WHAT THE TASK ASKS. A verbatim copy is needed of the lines below from the one containing "anti-p100 Nuclear Coactivator" up to and including the one containing "Visit To Buy", excluding pictures.

Collected data:
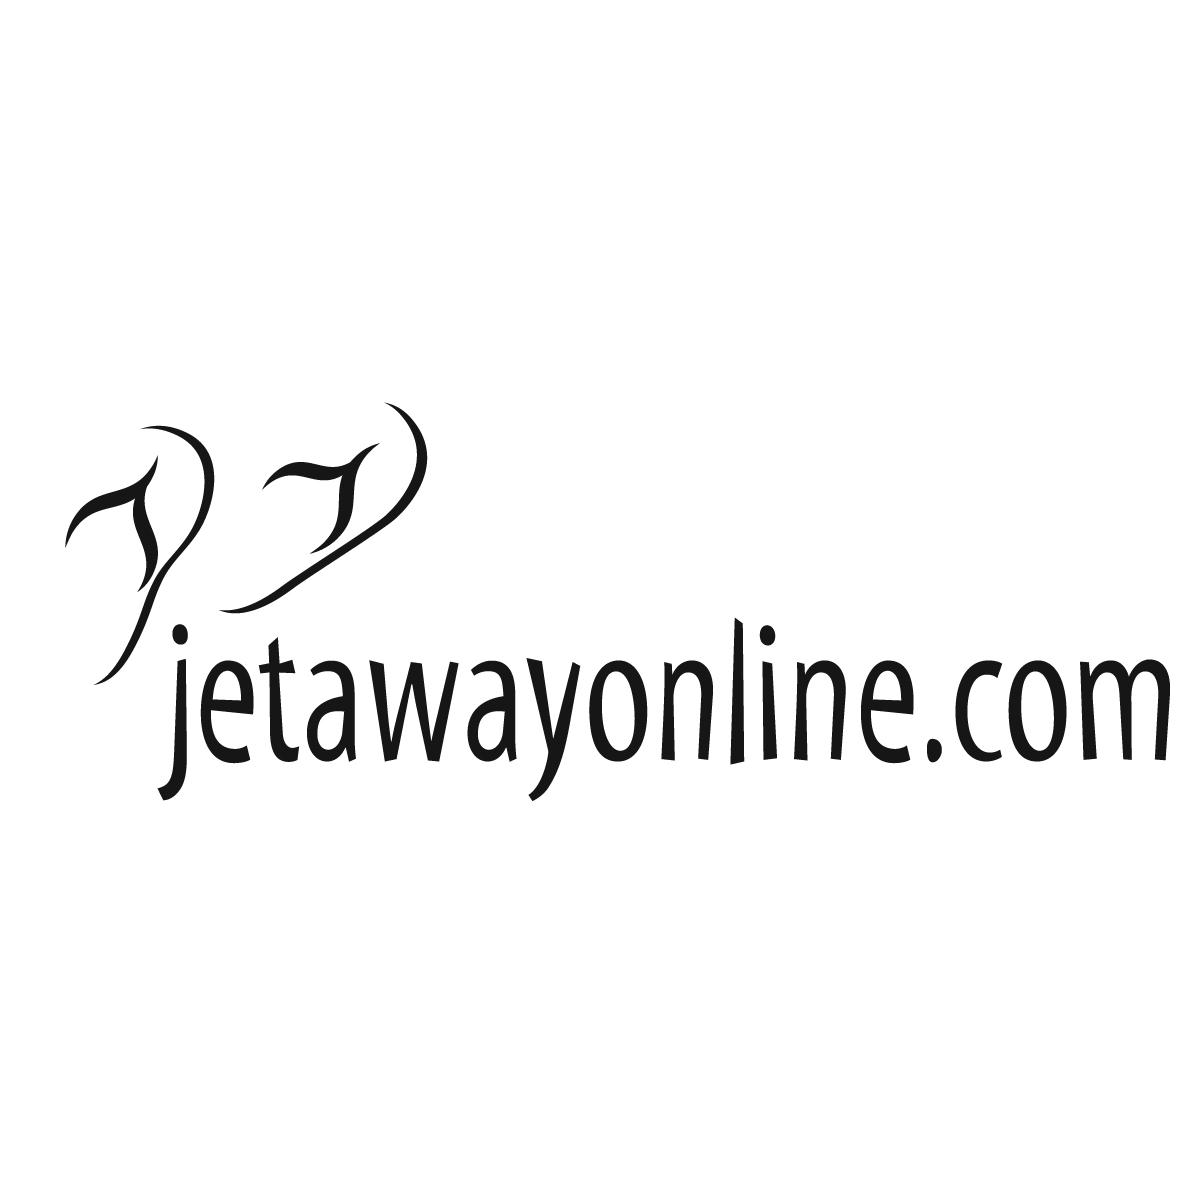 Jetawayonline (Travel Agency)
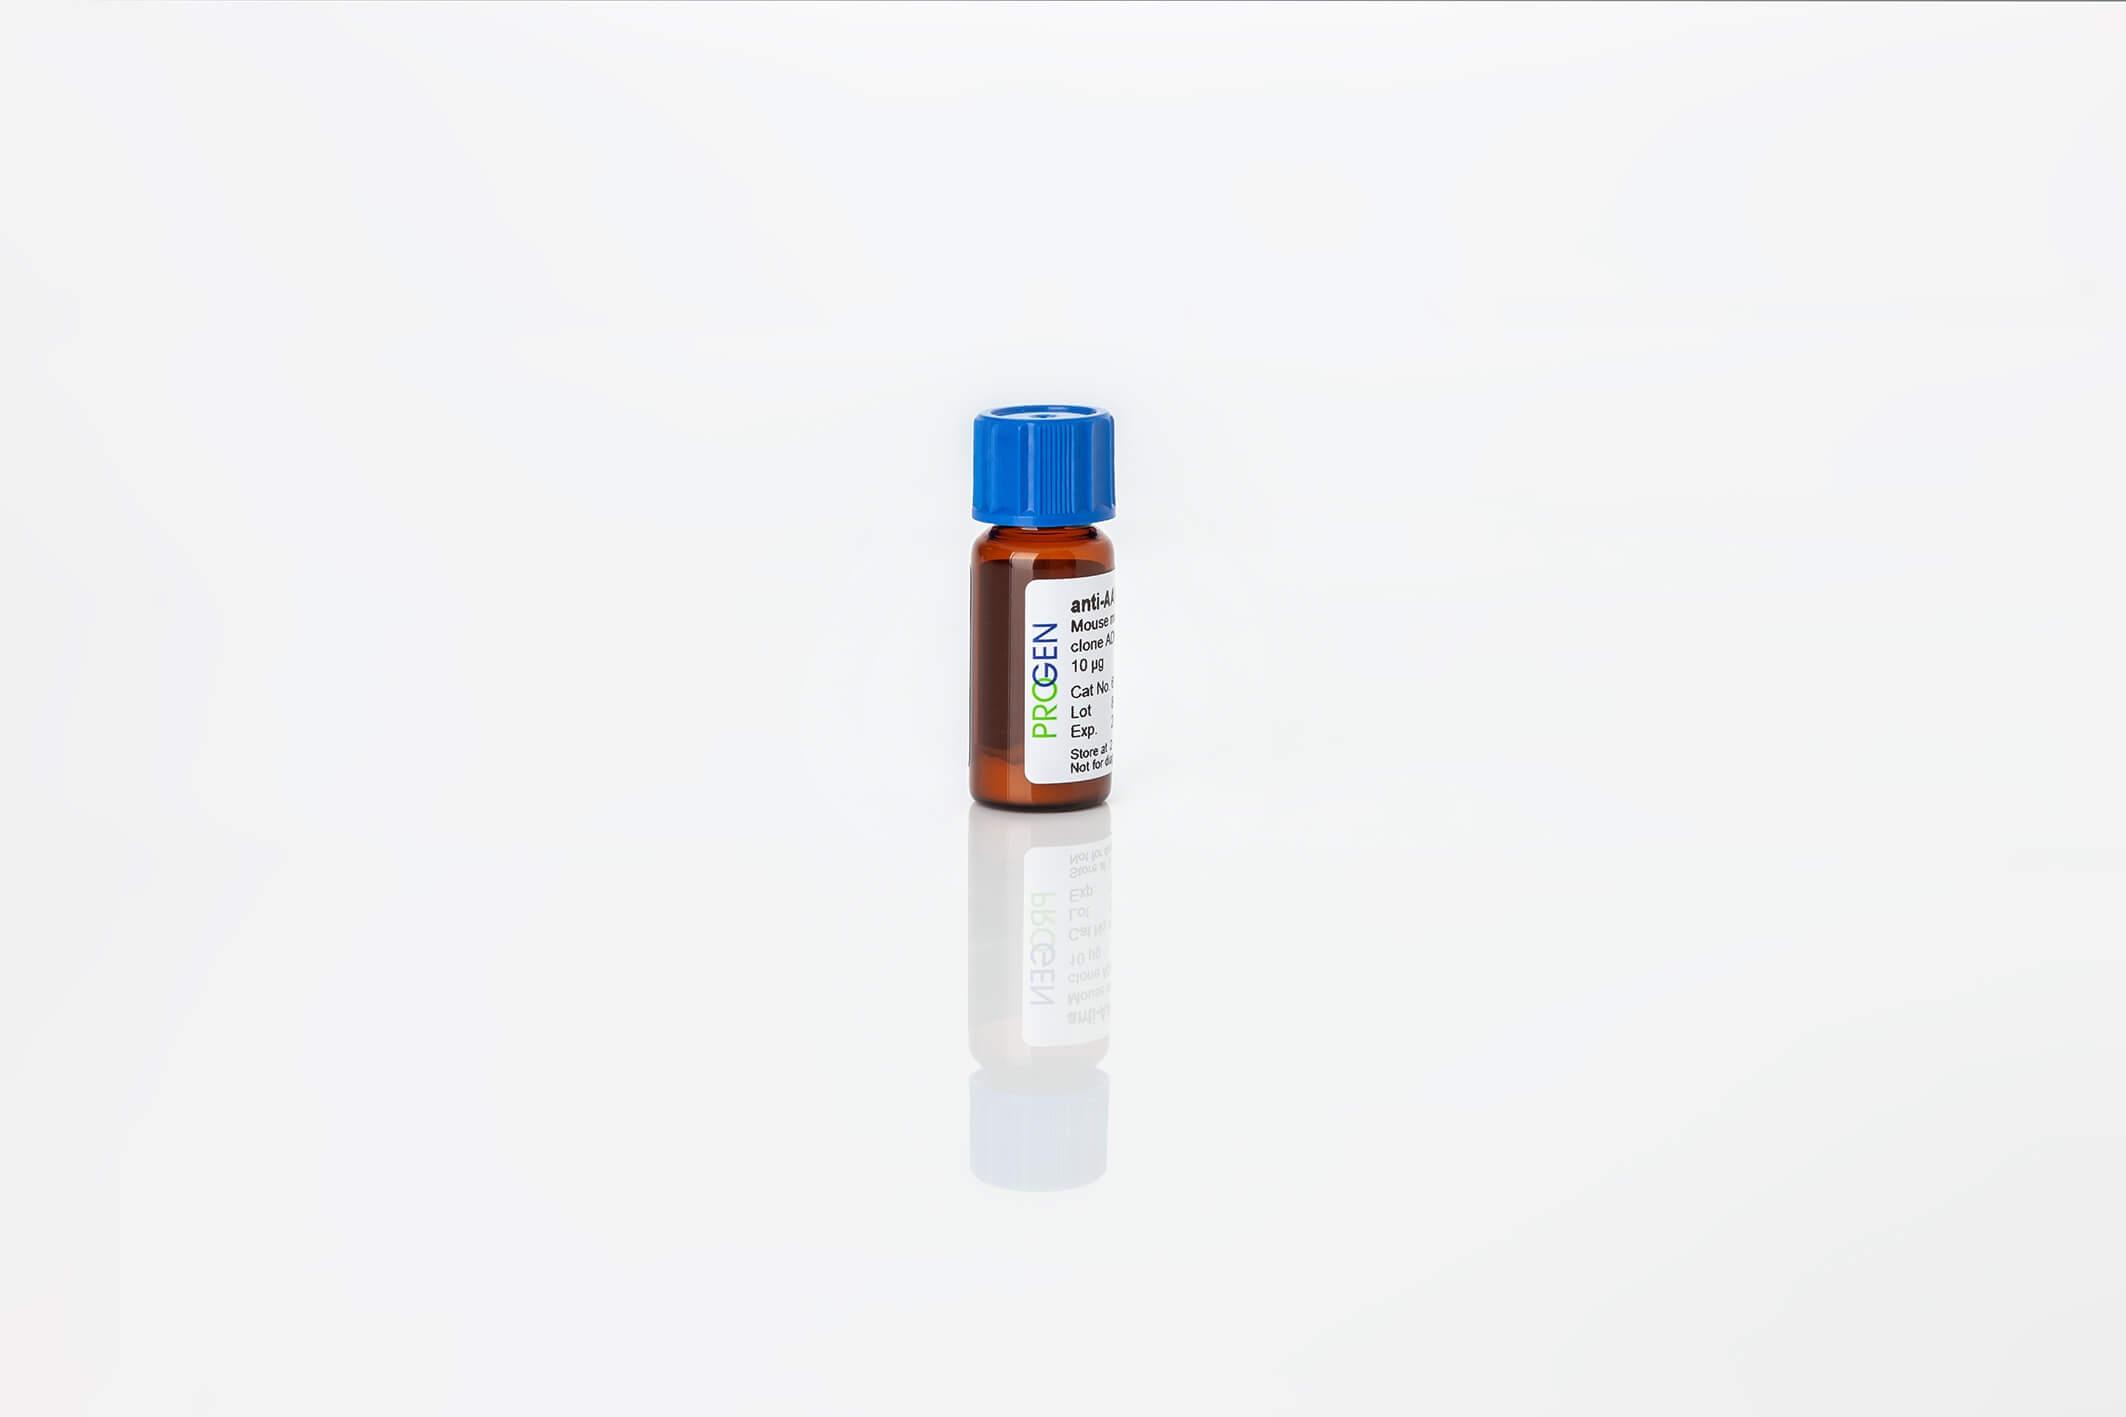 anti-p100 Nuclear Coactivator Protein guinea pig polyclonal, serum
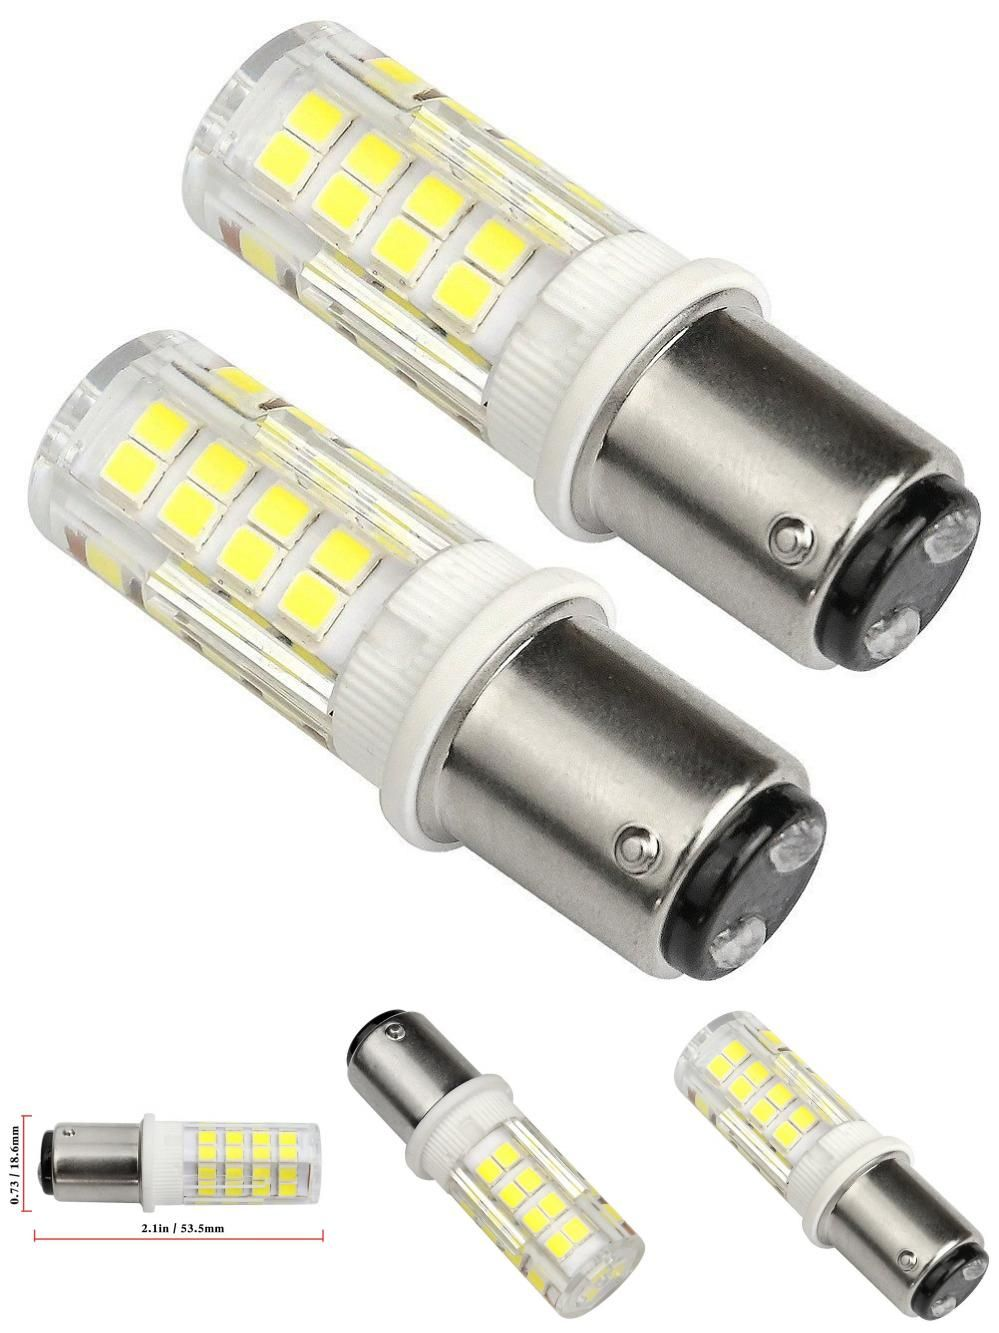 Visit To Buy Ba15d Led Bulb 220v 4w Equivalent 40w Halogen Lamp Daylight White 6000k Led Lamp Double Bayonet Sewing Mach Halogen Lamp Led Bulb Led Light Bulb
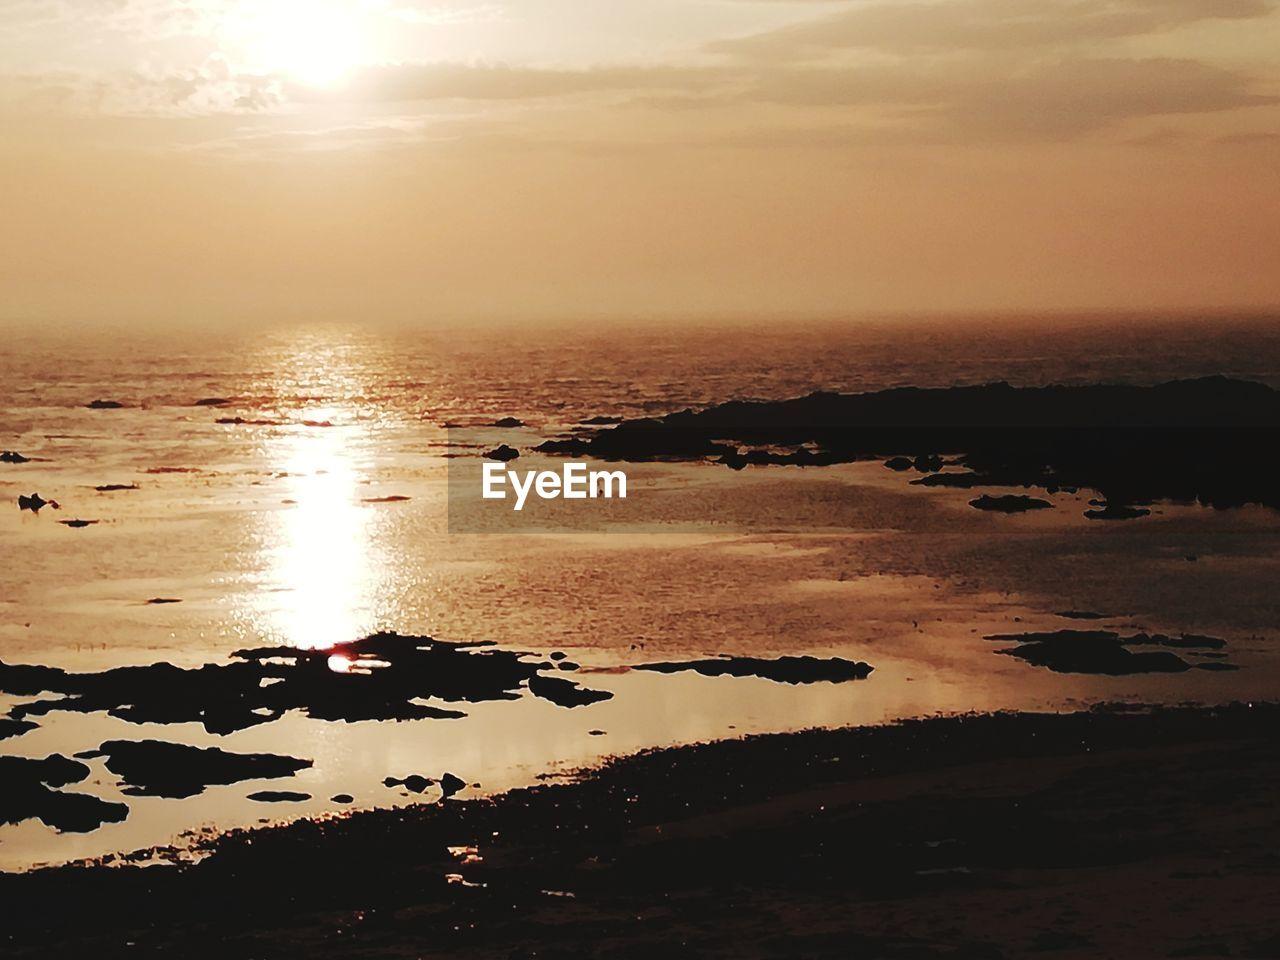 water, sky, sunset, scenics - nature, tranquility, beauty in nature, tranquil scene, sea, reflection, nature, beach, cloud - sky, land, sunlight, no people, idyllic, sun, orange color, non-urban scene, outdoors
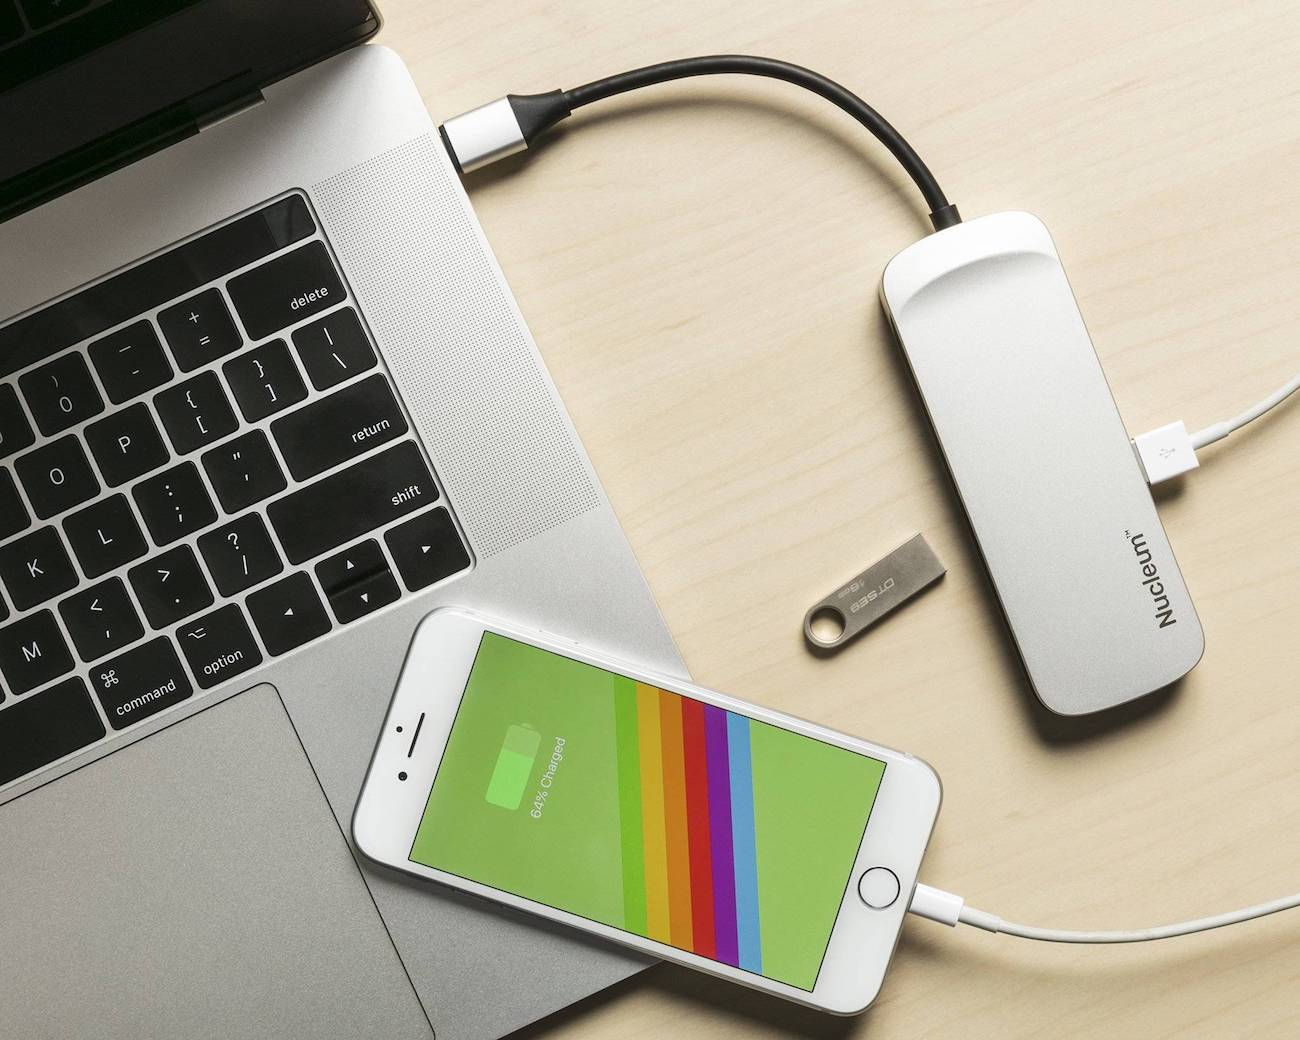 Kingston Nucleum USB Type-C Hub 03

SOLUTION FOR THIS EXERCISE.
 anti-p100 Nuclear Coactivator Protein guinea pig polyclonal, serum
 Visit To Buy Ba15d Led Bulb 220v 4w Equivalent 40w Halogen Lamp Daylight White 6000k Led Lamp Double Bayonet Sewing Mach Halogen Lamp Led Bulb Led Light Bulb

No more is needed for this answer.